List persons = … Stream personsOver18 = persons.stream().filter(p -> p.getAge() > 18);//过滤18岁以上的人
3.1.2Map
Suppose we filter some data now, such as when converting objects. The Map operation allows us to execute an implementation of Function (the generic T and R of Function
Stream adult= persons .stream() .filter(p -> p.getAge() > 18) .map(new Function() { @Override public Adult apply(Person person) { return new Adult(person);//将大于18岁的人转为成年人 } });
Now, convert the above example into a lambda expression:
Stream map = persons.stream() .filter(p -> p.getAge() > 18) .map(person -> new Adult(person));
3.1.3Count
The count method is the end-point method of a stream, which can make the final statistics of the stream results and return int. For example, we calculate the total number of people who are 18 years old or older:
int countOfAdult=persons.stream() .filter(p -> p.getAge() > 18) .map(person -> new Adult(person)) .count();
3.1.4Collect
The collect method is also an end-point method of the stream, which can collect the final results
List adultList= persons.stream() .filter(p -> p.getAge() > 18) .map(person -> new Adult(person)) .collect(Collectors.toList());
Or, if we want to use a specific implementation class to collect the results:
List adultList = persons .stream() .filter(p -> p.getAge() > 18) .map(person -> new Adult(person)) .collect(Collectors.toCollection(ArrayList::new));
The space is limited, other intermediate The methods and endpoint methods will not be introduced one by one.
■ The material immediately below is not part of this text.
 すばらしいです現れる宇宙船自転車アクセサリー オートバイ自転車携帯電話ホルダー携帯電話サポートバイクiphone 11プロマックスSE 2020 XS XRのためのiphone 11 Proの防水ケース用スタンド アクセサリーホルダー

After reading the above examples, you only need to understand the difference between these two methods, and you can decide to use them according to your needs later.
3.2 Sequential Stream and Parallel Stream
Each Stream has two modes: sequential execution and parallel execution.
Sequential flow:
Listpeople = list.getStream.collect(Collectors.toList());
Parallel flow:
Listpeople = list.getStream.parallel().collect(Collectors.toList());
As the name suggests, when traversing in a sequential manner, read each item before reading the next item. When using parallel traversal, the array will be divided into multiple segments, each of which is processed in a different thread, and then the results are output together.
3.2.1 Parallel stream principle:
List originalList = someData; split1 = originalList(0, mid);//将数据分小部分 split2 = originalList(mid,end); new Runnable(split1.process());//小部分执行操作 new Runnable(split2.process()); List revisedList = split1 + split2;//将结果合并
3.2.2 Sequential and parallel performance test comparison
If it is a multi-core machine, theoretically parallel stream will be faster than sequential stream Double the above, the following is the test code
long t0 = System.nanoTime(); //初始化一个范围100万整数流,求能被2整除的数字,toArray()是终点方法 int a[]=IntStream.range(0, 1_000_000).filter(p -> p % 2==0).toArray(); long t1 = System.nanoTime(); //和上面功能一样,这里是用并行流来计算 int b[]=IntStream.range(0, 1_000_000).parallel().filter(p -> p % 2==0).toArray(); long t2 = System.nanoTime(); //我本机的结果是serial: 0.06s, parallel 0.02s,证明并行流确实比顺序流快 System.out.printf("serial: %.2fs, parallel %.2fs%n", (t1 - t0) * 1e-9, (t2 - t1) * 1e-9);
3.3 About Folk/Join framework
Application hardware parallelism is available in Java 7, that is, one of the new features of the java.util.concurrent package is a fork-join style parallel decomposition framework, which is also very powerful and efficient. Interested students Go and research, I won’t go into details here. Compared to Stream.parallel(), I prefer the latter.
4. Summary
If there is no lambda, Stream is quite awkward to use. It will generate a large number of anonymous internal classes, such as the 3.1.2map example above. If there is no default method, the collection framework will change. It is bound to cause a lot of changes, so lambda+default method makes the jdk library more powerful and flexible. The improvements of Stream and collection framework are the best proof.
For more Java8 new features, what are the uses of lambda expressions (usage examples) and related articles, please pay attention to the PHP Chinese website!